Titanic Question

profilenguyenphohue00
Assignment7.pdf

Assignment 7: Titanic Survival Prediction

This assignment is for 80 points, four times the normal assignment weight. The goal of the project is to

predict what type of persons were more likely to survive? The features available are Name, Age, Gender,

Fare Class, etc. Data dictionary is provided in the appendix. Data is partitioned into (1) ProjectTrain.csv,

and (2) ProjectTest.csv. Use Train data to develop the model and report performance results on the Test

dataset.

1) Develop Logistic Repression, LDA, QDA and KNN based survival prediction models using Pclass,

Sex, Age, SibSp, Parch, and Embarked as predictor variables. Note that some of these variables may

need to be case of categorical (factors in R). Also, Age has lot of missing values. The missing values

may need to be imputed (e.g., mean) for using this variable. Try few values of k in KNN to

determine suitable value for K. Compare and interpret True Positive (TP) and False Positive (FP) of

the different models using test data. 40 Points

2) “Cabin” has sparse data content. One approach to handle the missing data is to have a special value

“Not Available” for all the missing values. For the Logistic Regression model, evaluate performance

improvement with and without including the cabin feature using test data. 10 Points

3) Like linear regression, Logistic regression (LR) has the advantage of interpretability. Research the

concepts of “Unadjusted Odds Ratio” and “Adjusted Odds Ratio”. Determine the adjusted odds ratio

for Sex, Pclass, and Embarked using LR. Interpret the results. 10 Points

4) The default threshold to classify an entity to a class is 0.5. For the LR models, vary the threshold to

0.8, 0.5, and 0.2. Which threshold value do you think is appropriate for survival prediction? Why?
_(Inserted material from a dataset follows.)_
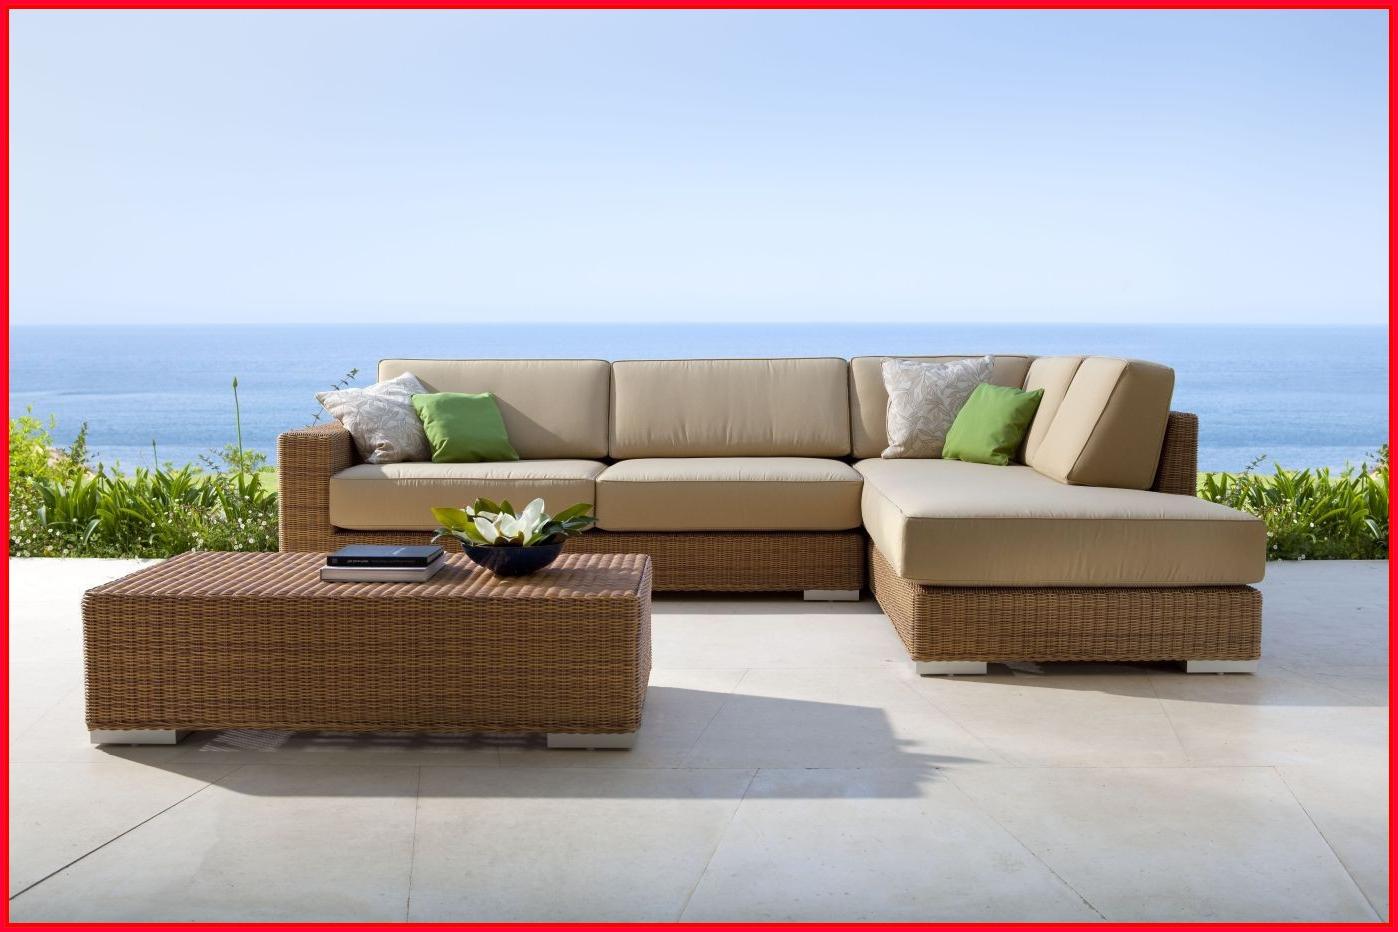 Sillones Para Terrazas Mndw Sillones De Jardin Baratos Muebles Para Terraza Exterior

Justify your answer with respect to misclassification rate on test data 10 Points

5) Develop ROC plot for the LDA model. 5 Points

6) What features do you think are important to make the prediction? Why? Evaluate the KNN model

performance by including just the important features 5 Points

In the report, include text of the R code.

Submit through link: eCampus -> Assignment 7

Deadline: March 18, 11:55 PM

Data Dictionary

Variable Notes

pclass: A proxy for socio-economic status (SES)

1st = Upper

2nd = Middle

3rd = Lower

Age: Age is fractional if less than 1. If the age is estimated, is it in the form of xx.5

sibsp: The dataset defines family relations in this way...

Sibling = brother, sister, stepbrother, stepsister

Spouse = husband, wife (mistresses and fiancés were ignored)

parch: The dataset defines family relations in this way...

Parent = mother, father

Child = daughter, son, stepdaughter, stepson

Some children travelled only with a nanny, therefore parch=0 for them.